Speech and Dialogue Research Laboratory, University "Politehnica" of Bucharest, 060042 Bucharest, Romania.
Sensors (Basel). 2022 Feb 6;22(3):1228. doi: 10.3390/s22031228.
In this work, we first propose a deep neural network (DNN) system for the automatic detection of speech in audio signals, otherwise known as voice activity detection (VAD). Several DNN types were investigated, including multilayer perceptrons (MLPs), recurrent neural networks (RNNs), and convolutional neural networks (CNNs), with the best performance being obtained for the latter. Additional postprocessing techniques, i.e., hysteretic thresholding, minimum duration filtering, and bilateral extension, were employed in order to boost performance. The systems were trained and tested using several data subsets of the CENSREC-1-C database, with different simulated ambient noise conditions, and additional testing was performed on a different CENSREC-1-C data subset containing actual ambient noise, as well as on a subset of the TIMIT database. An accuracy of up to 99.13% was obtained for the CENSREC-1-C datasets, and 97.60% for the TIMIT dataset. We proceed to show how the final VAD system can be adapted and employed within an utterance-level deceptive speech detection (DSD) processing pipeline. The best DSD performance is achieved by a novel hybrid CNN-MLP network leveraging a fusion of algorithmically and automatically extracted speech features, and reaches an unweighted accuracy (UA) of 63.7% on the RLDD database, and 62.4% on the RODeCAR database.
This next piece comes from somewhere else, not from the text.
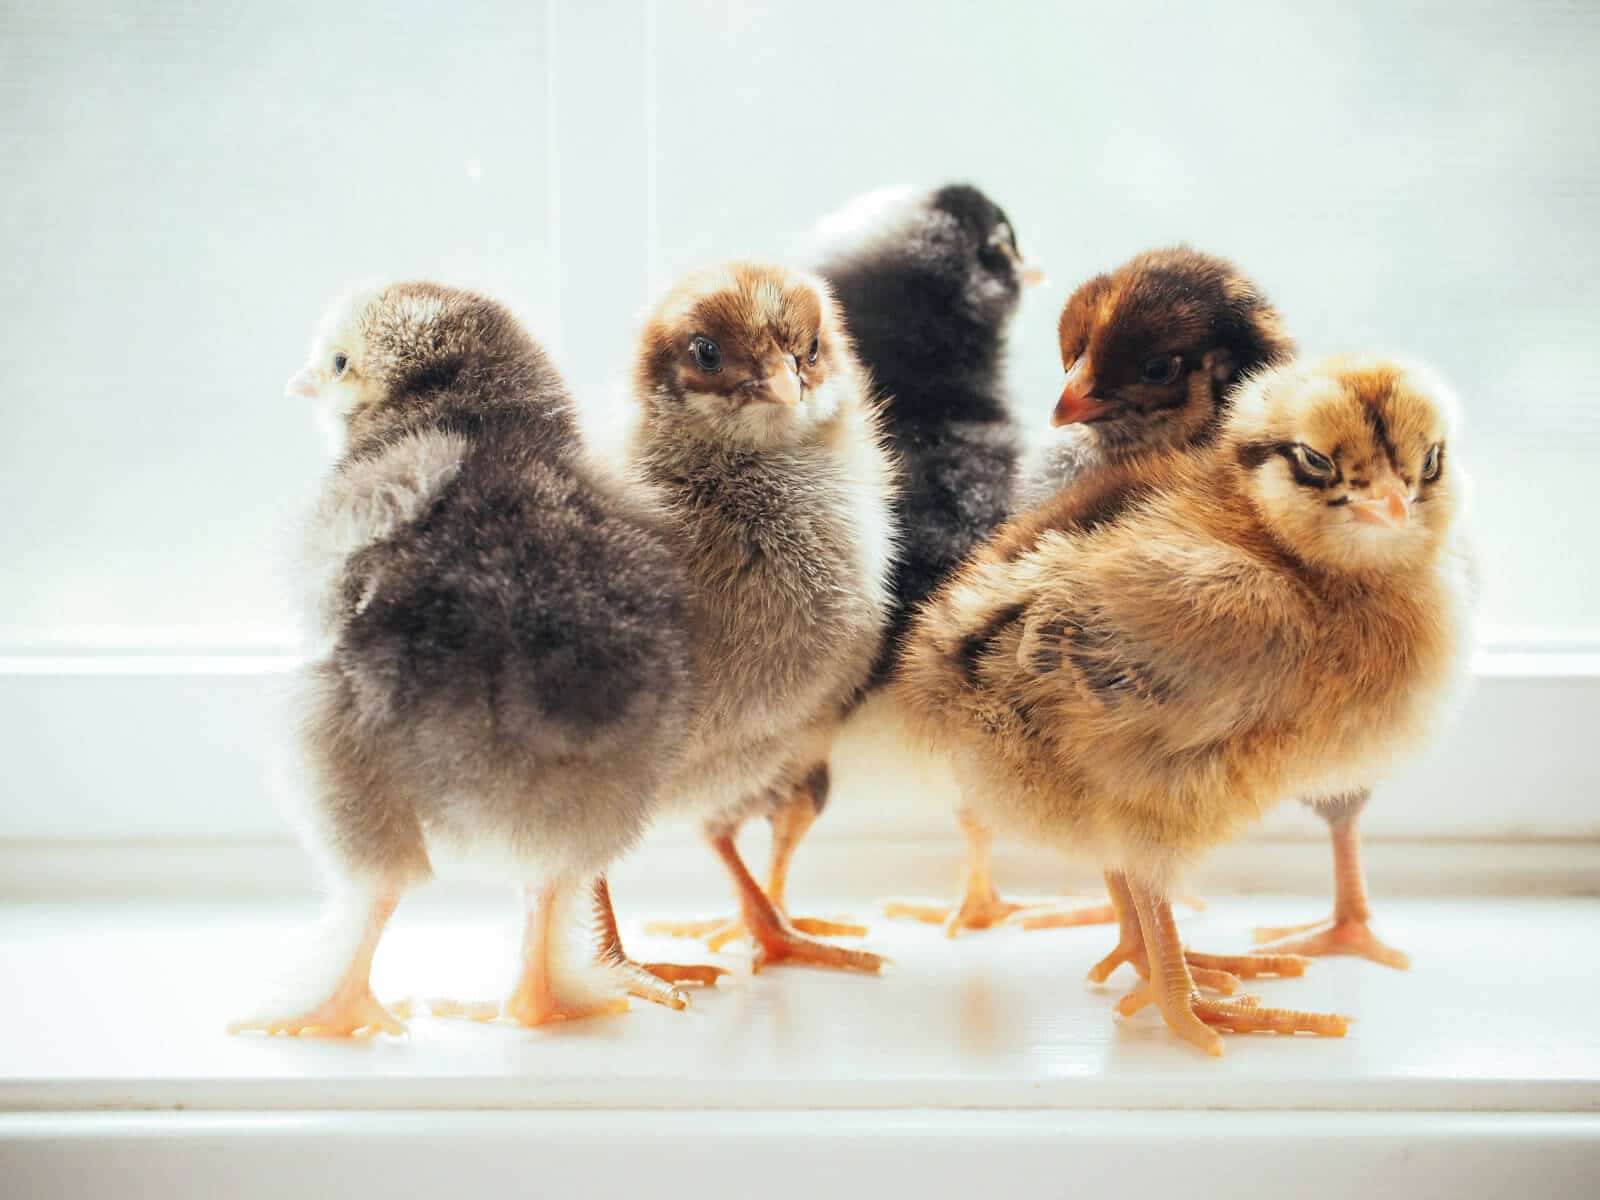 Baby chicks love homemade whole-grain chicken feed

在这项工作中,我们首先提出了一种用于自动检测音频信号中语音的深度神经网络(DNN)系统,也称为语音活动检测(VAD)。我们研究了几种 DNN 类型,包括多层感知机(MLP)、递归神经网络(RNN)和卷积神经网络(CNN),后者的性能最佳。为了提高性能,我们还采用了附加的后处理技术,即滞后阈值、最小持续时间滤波和双边扩展。我们使用 CENSREC-1-C 数据库的几个数据子集进行了系统的训练和测试,这些子集具有不同的模拟环境噪声条件,并在包含实际环境噪声的不同 CENSREC-1-C 数据子集以及 TIMIT 数据库的一个子集上进行了额外的测试。我们的系统在 CENSREC-1-C 数据集上的准确率高达 99.13%,在 TIMIT 数据集上的准确率为 97.60%。我们接着展示了如何在话语级欺骗性语音检测(DSD)处理管道中自适应和使用最终的 VAD 系统。通过利用算法和自动提取的语音特征的融合,新型混合 CNN-MLP 网络实现了最佳的 DSD 性能,在 RLDD 数据库上达到了无加权准确率(UA)为 63.7%,在 RODeCAR 数据库上达到了 62.4%。